▶ **Given data**:
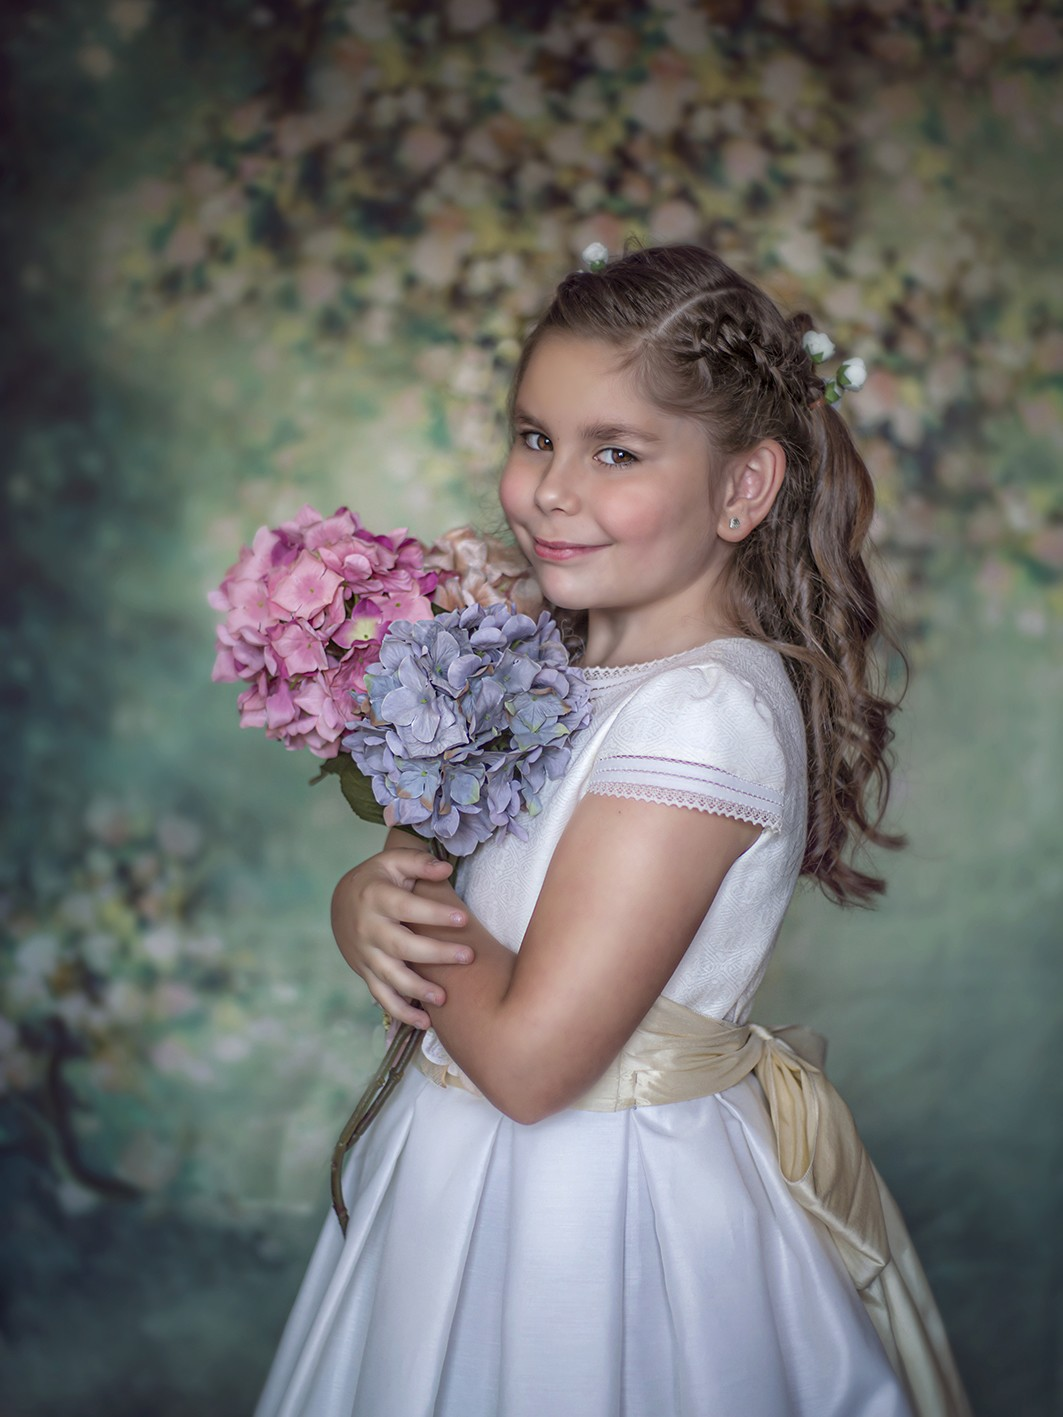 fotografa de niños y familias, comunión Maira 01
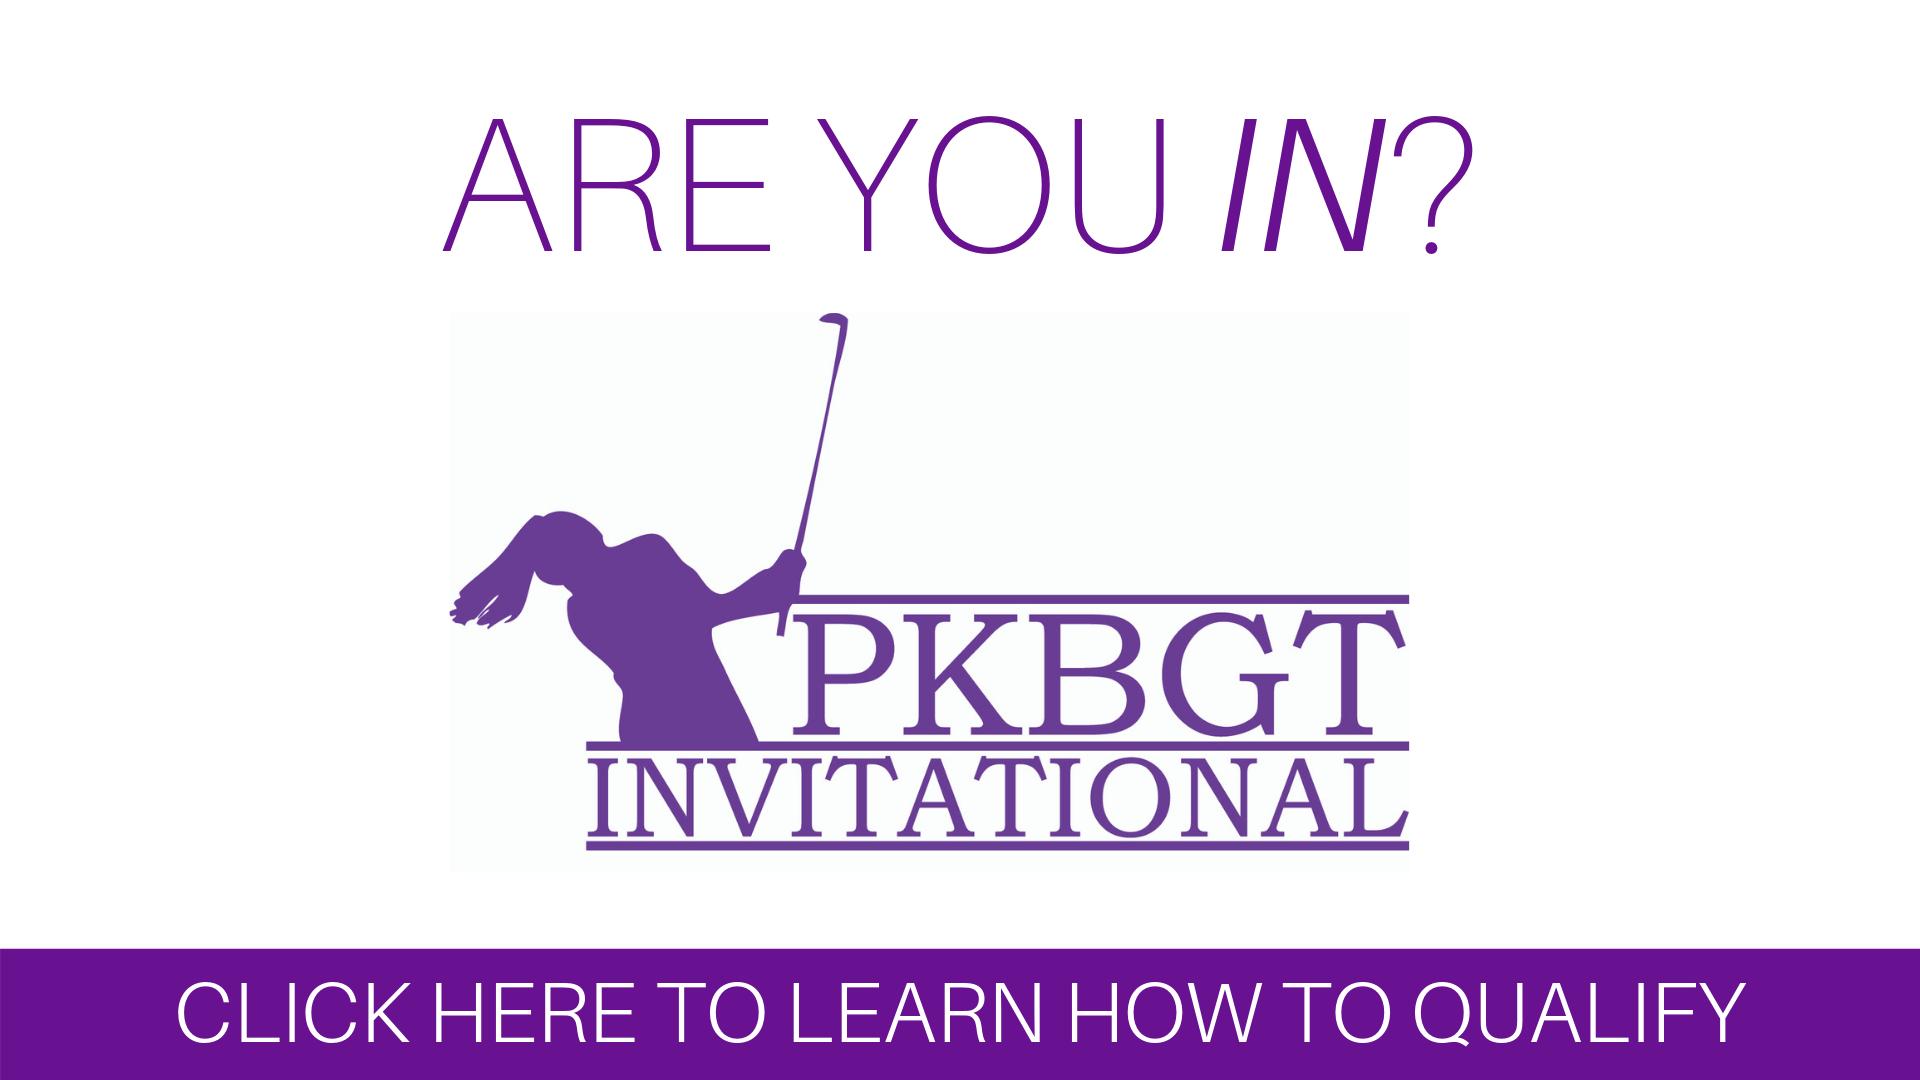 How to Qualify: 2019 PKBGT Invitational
==
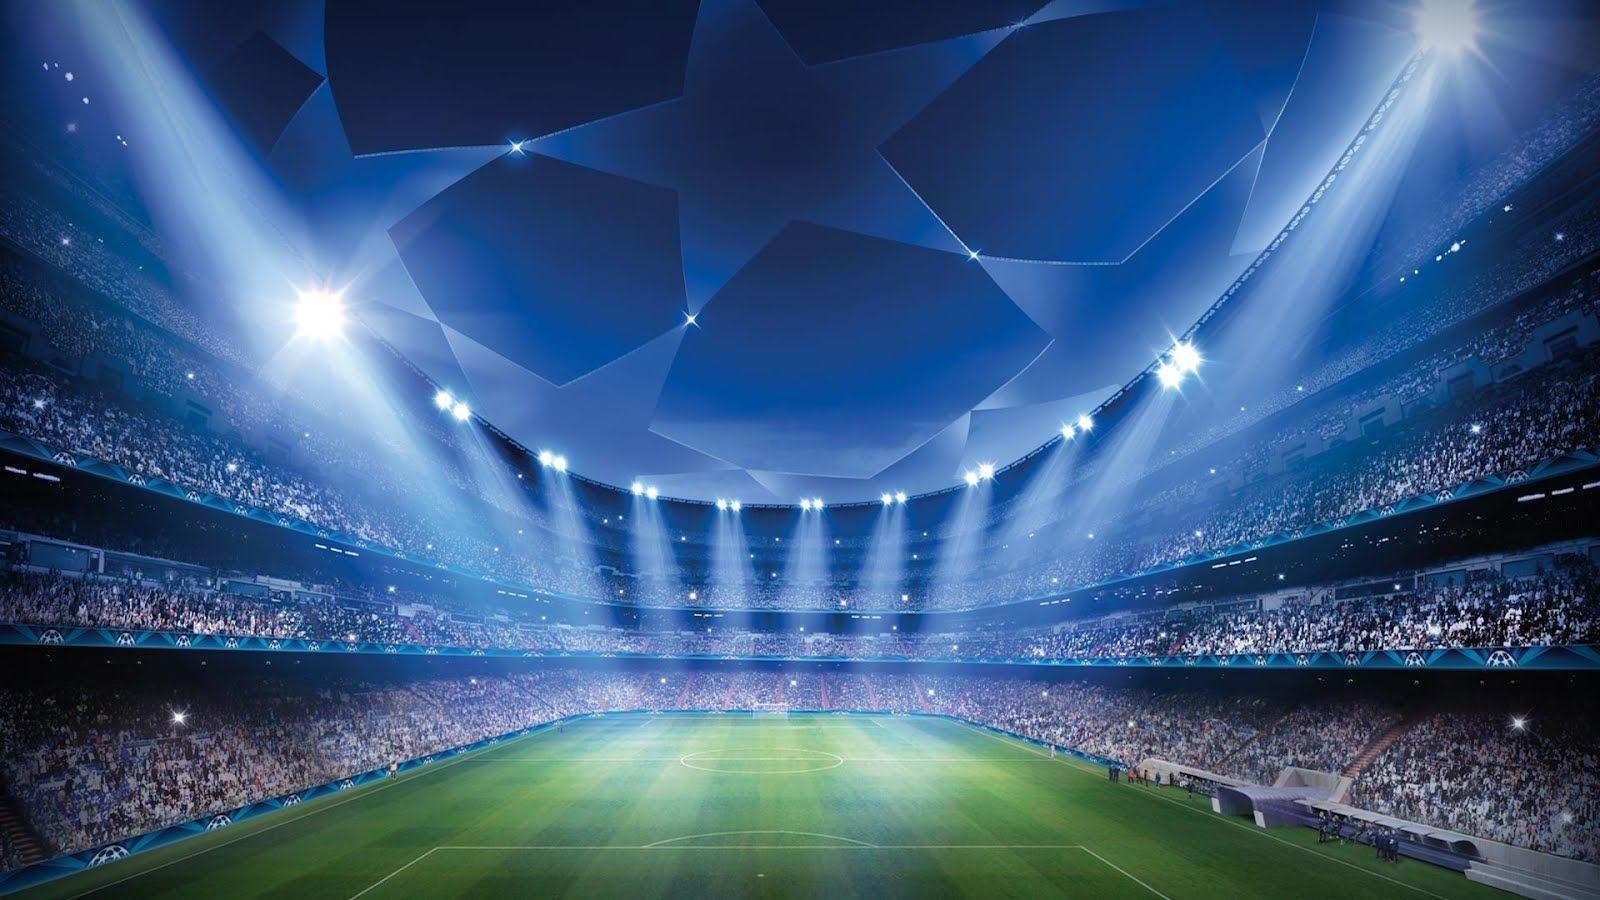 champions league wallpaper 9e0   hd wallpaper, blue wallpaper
--
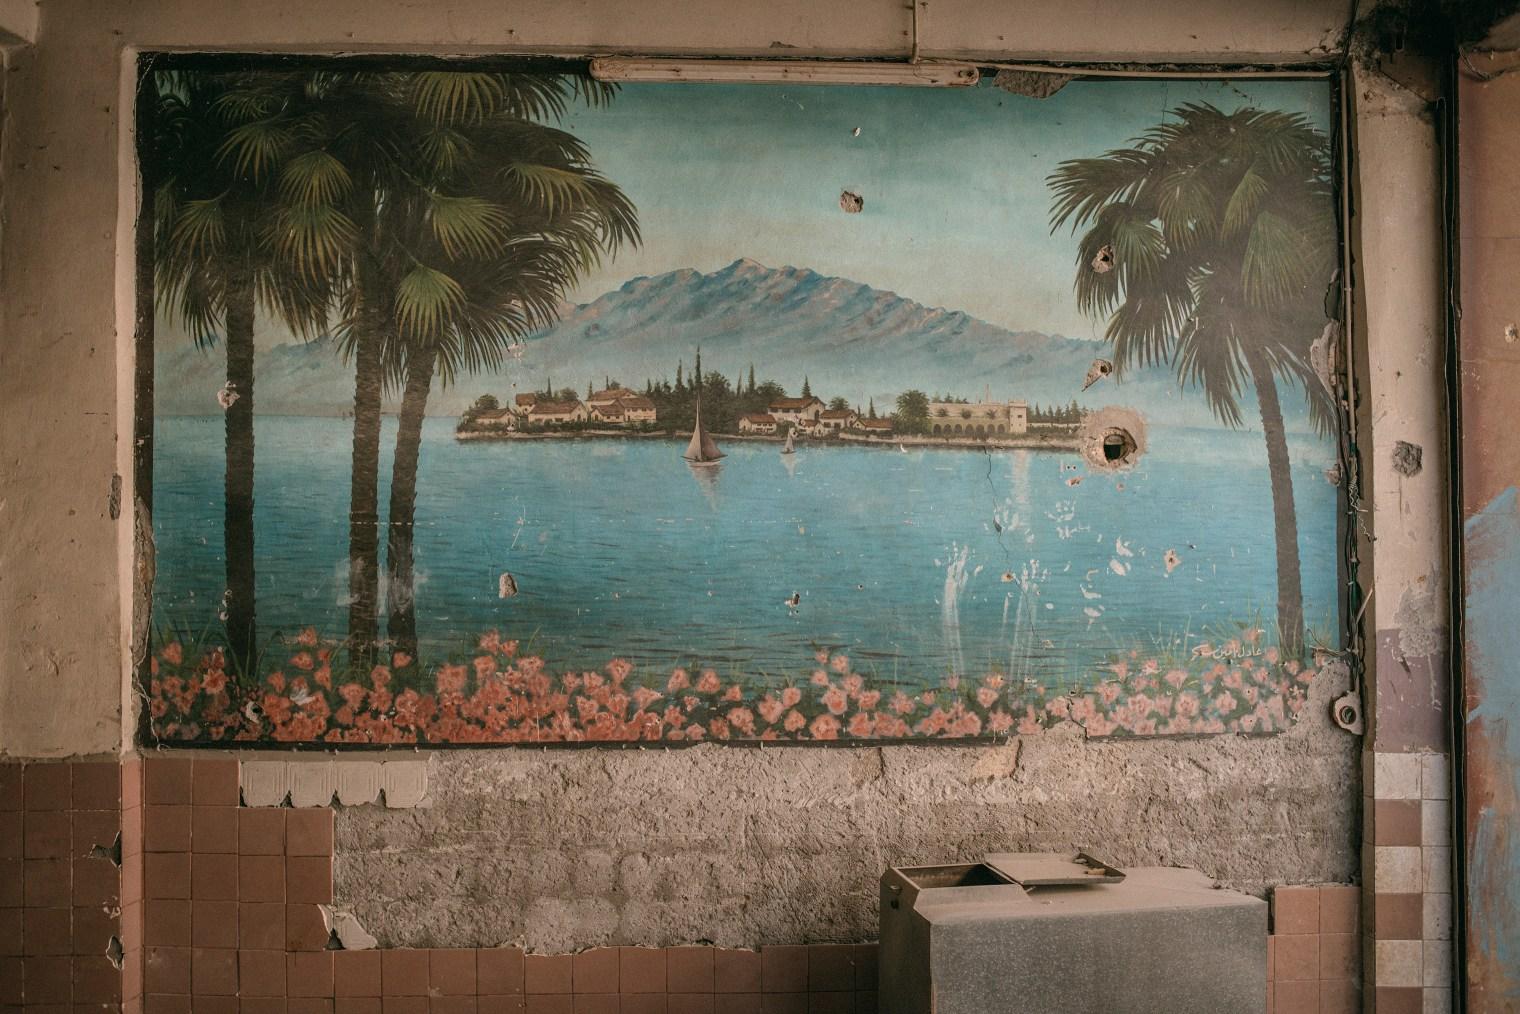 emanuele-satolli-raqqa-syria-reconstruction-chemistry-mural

▶ **Work order**: Transcribe only this stretch of the data: the line with "fotografa de niños", the line with "How to Qualify: 2019 PKBGT Invitational", and every line in between. Leave out the pictures.

▶ **Task output**:
 fotografa de niños y familias, comunión Maira 01
 How to Qualify: 2019 PKBGT Invitational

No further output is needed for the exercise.